As we expected, AXP now has to retain more of its earnings as its lending volume is growing again.

Since Q4 2021, AXP’s Common Equity Tier 1 (“CET1”) Ratio has fallen from 10.5% to 10.3% (though still within the 10-11% target) even though it has retained enough earnings to grow its CET1 Capital from $17.6bn to $18.5bn:

AXP Capital Ratios & Share Buybacks (Last 5 Quarters)

AXP Capital Ratios & Share Buybacks (Last 5 Quarters)

Source: AXP results supplement (Q2 2022).

The $0.9bn of earnings implied to have been retained during H1 represents 22% of AXP’s Net Income in this period.
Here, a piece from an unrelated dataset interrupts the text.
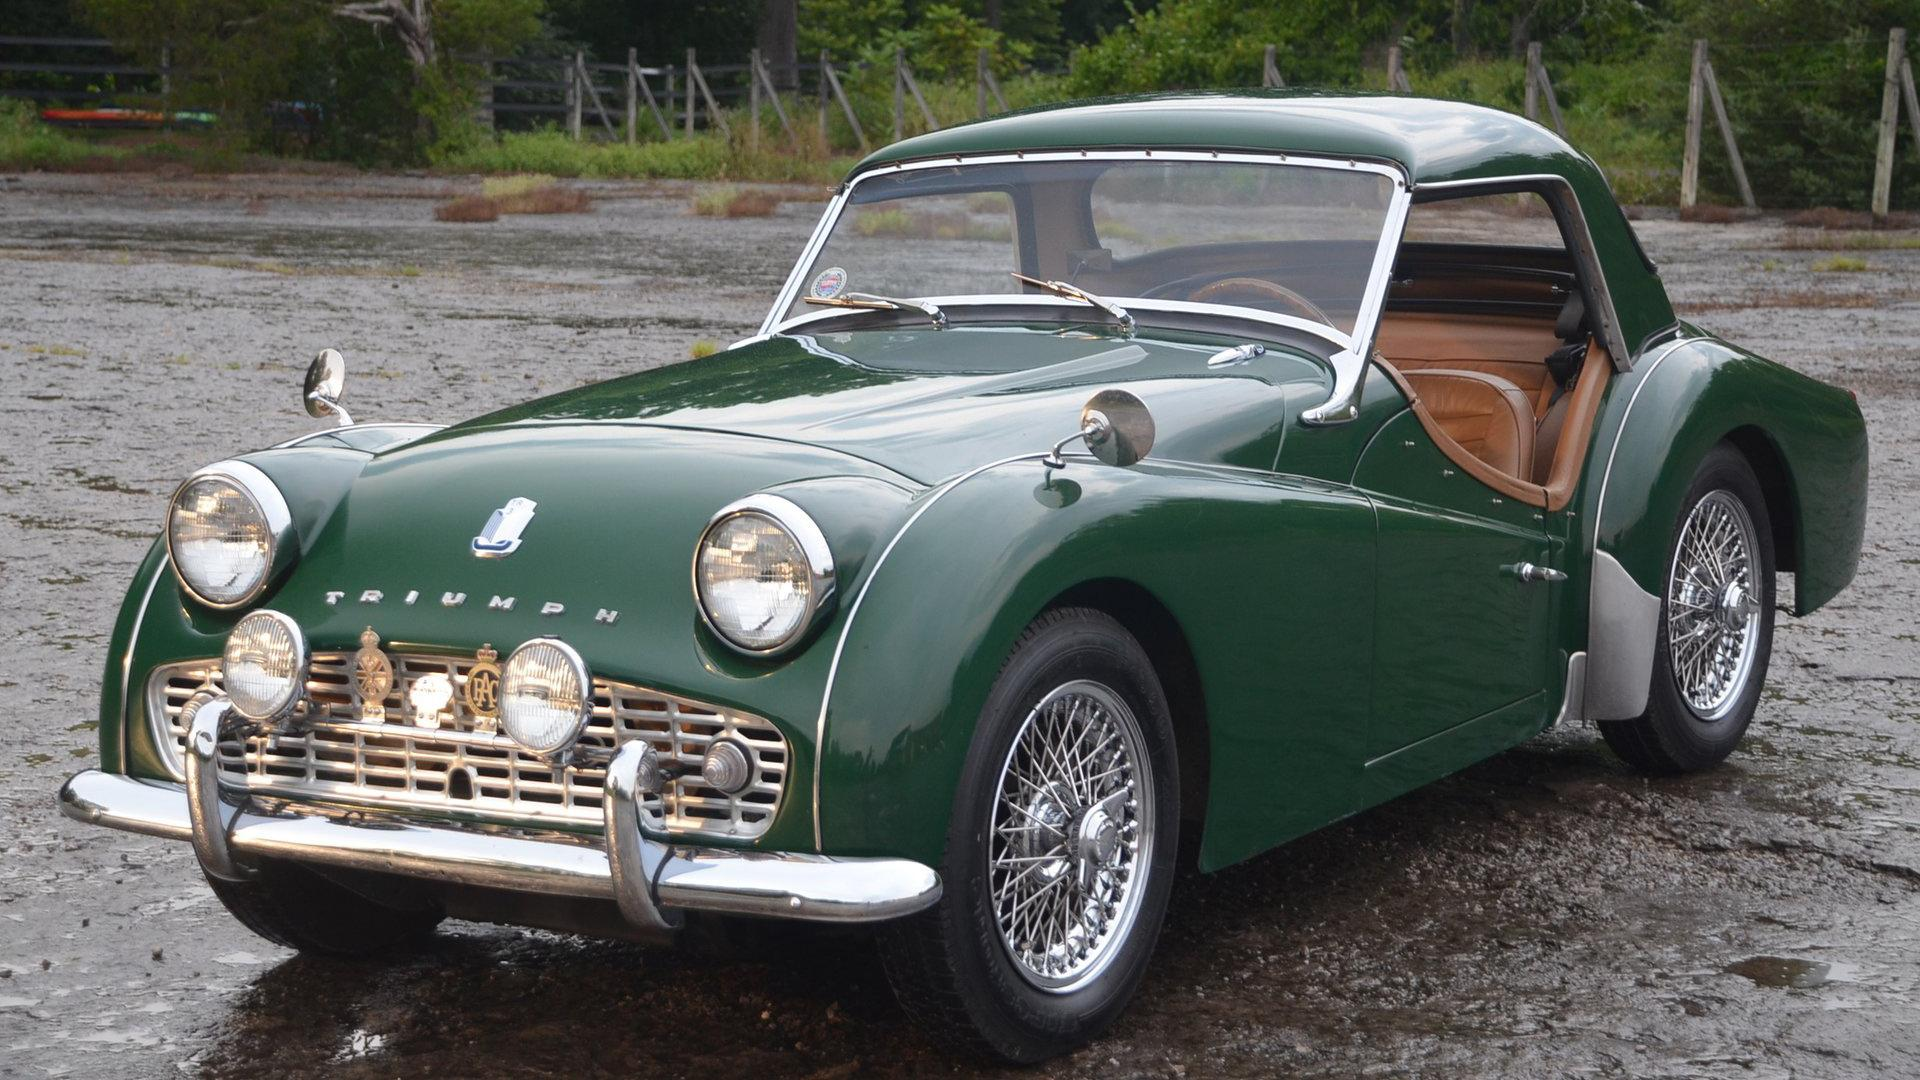 Votre voiture de collection anglaise Car triumph tr3 avec Bretagne Roadster

With its surplus capital spent and more of its earnings needing to be retained, the number of shares AXP repurchased each quarter has fallen from 20m in Q3 2021 to 4m by Q2 2022.

American Express Valuation

AXP’s EPS has been volatile due to one-off credit reserve changes, with earnings having been reduced by $4.73bn in Provision for Credit Losses in 2020 but being increased by a $1.42bn benefit in 2021:

AXP Adjusted EPS (2016-22E)

AXP Adjusted EPS (2016-22E)

Source: AXP company filings.

At $156.13, relative to pre-COVID 2019 earnings, AXP stock is trading at 19.1x P/E. The stock is also trading at 5.4x Price/Book (with a book value of $28.82 at Q2 2022), which on a targeted Return on Equity of 30% also implies a P/E of approx. 18x. (The P/E multiple is 14.8x on 2021 EPS and 16.5x on the mid-point of 2022 guided EPS.)

Prior to COVID-19, AXP share price peaked at approx. $135 in February 2020, which also represented a Price/Book of 5.1x (relative to a book value of $26.51 at Q4 2019).

AXP stock pays a dividend of $0.52 per quarter ($2.08 annualized), implying a Dividend Yield of 1.3%. AXP continues to target a 20-25% Payout Ratio.

We do not believe AXP shares are particularly cheap at present, unless it can achieve the low-teens EPS growth targeted by management.

Is AXP A Buy? Conclusion

We reiterate our Holding rating on American Express stock.